Dad never wanted to be buried. He used to say, “I don’t care what the hell you do with me when I’m dead but don’t you dare put me in a box and cover it with dirt. I’m not claustrophobic or noth’n and who cares if I was, wouldn’t matter, I won’t be around to be spooked. Way I see it is, Hugo Mason is a lot of things but he’s not worm food. You got that?”
So we had him cremated the following day.
On Friday, we all took a walk then we came home and sat in the kitchen, all around the table, dad’s ashes in the middle of it next to the napkin holder. Mom said, “Richie, what do you wanna do with dad?”

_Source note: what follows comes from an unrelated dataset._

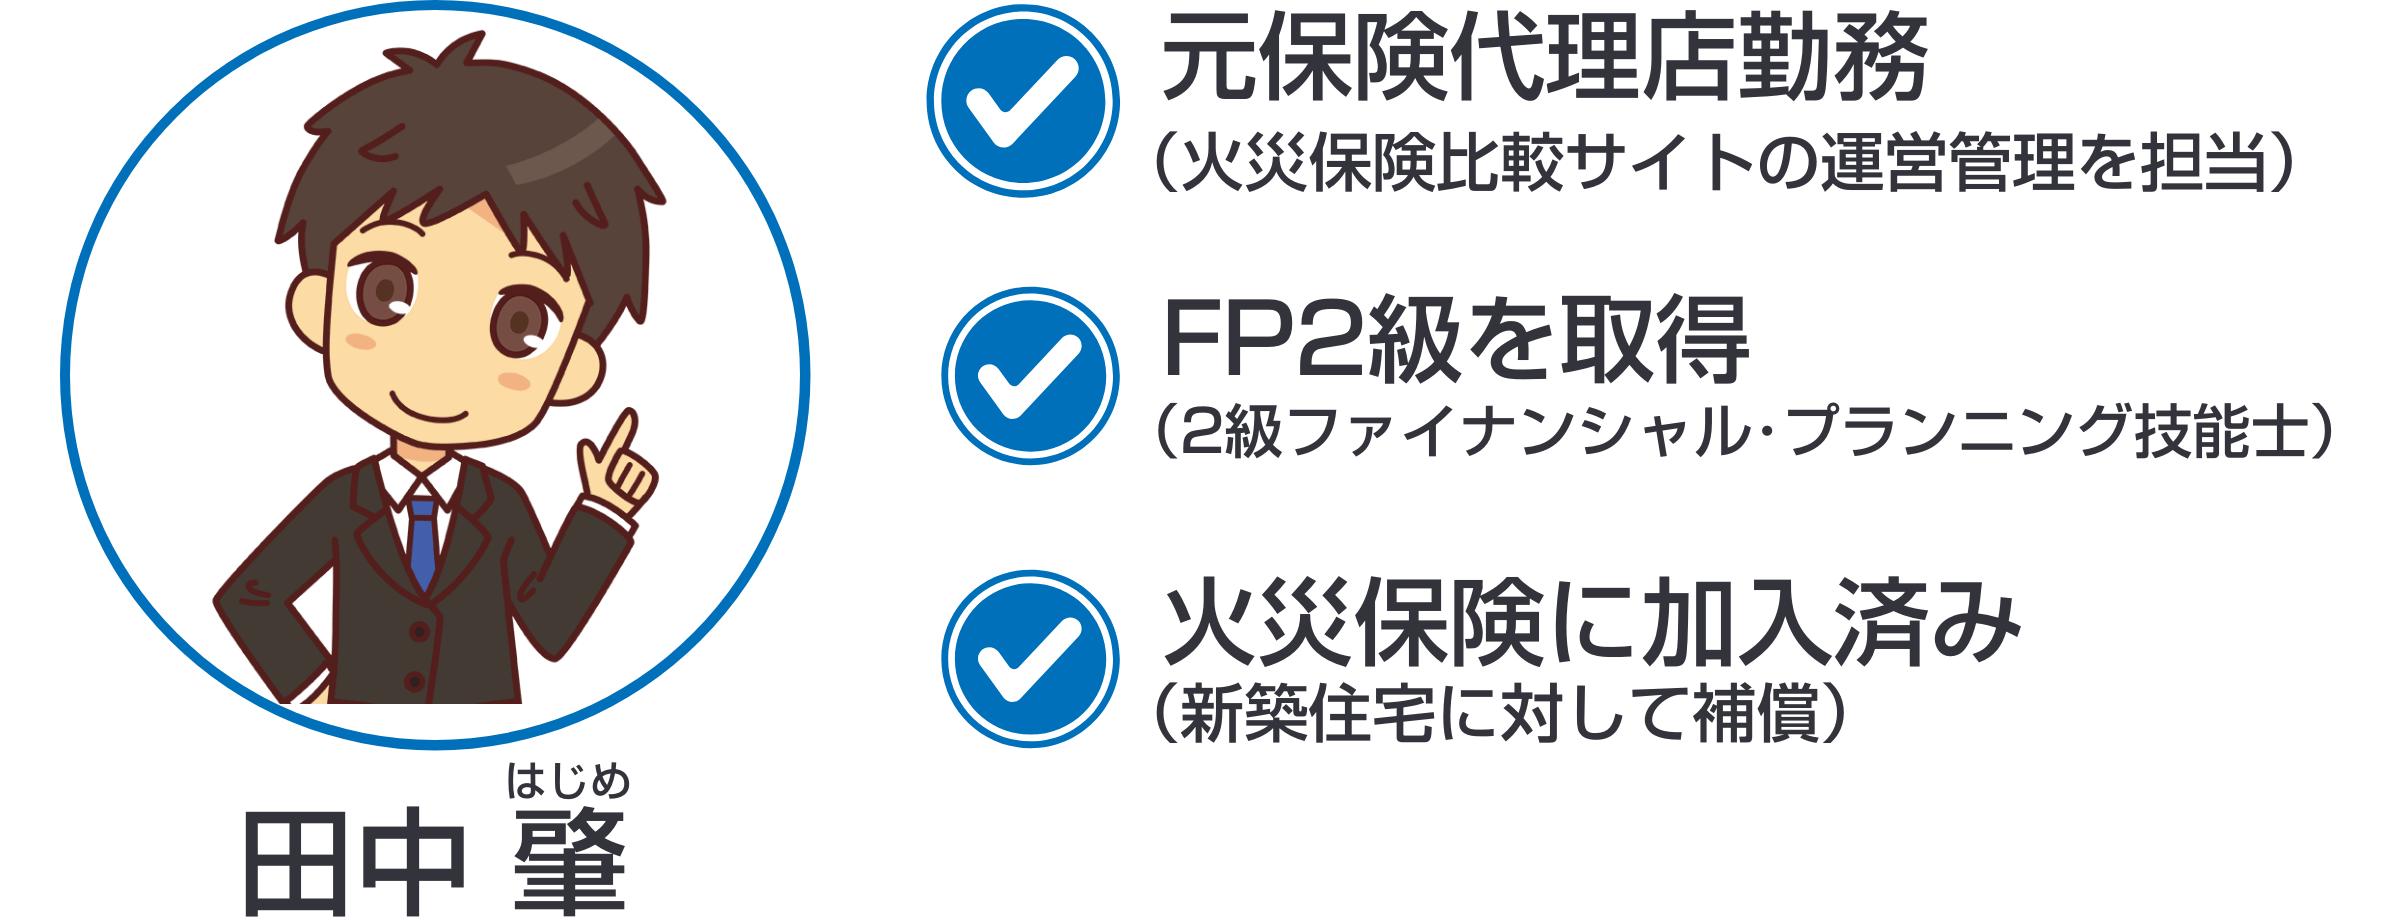 元保険代理店勤務の田中肇(はじめ)

I looked at my brothers, we nodded in unison then I looked back at mom. “Mom, dad is The Garbageman.”
She looked at me puzzled, “Why are you talking about his job? At such a time like this. Richie you…”
I shuffled my chair forward a little and pointed a finger at the urn. “He’s a garbage man mom. He cleaned these streets inside and out. There’s only one place he’s gonna be happy we scatter him to rest forever. The one place he will always be to keep an eye on, as a symbol. The one place he truly belongs”
We drove to the city dump that evening before closing and dumped Hugo Mason’s ashes over a pile of water swelled children’s books and broken soap boxes.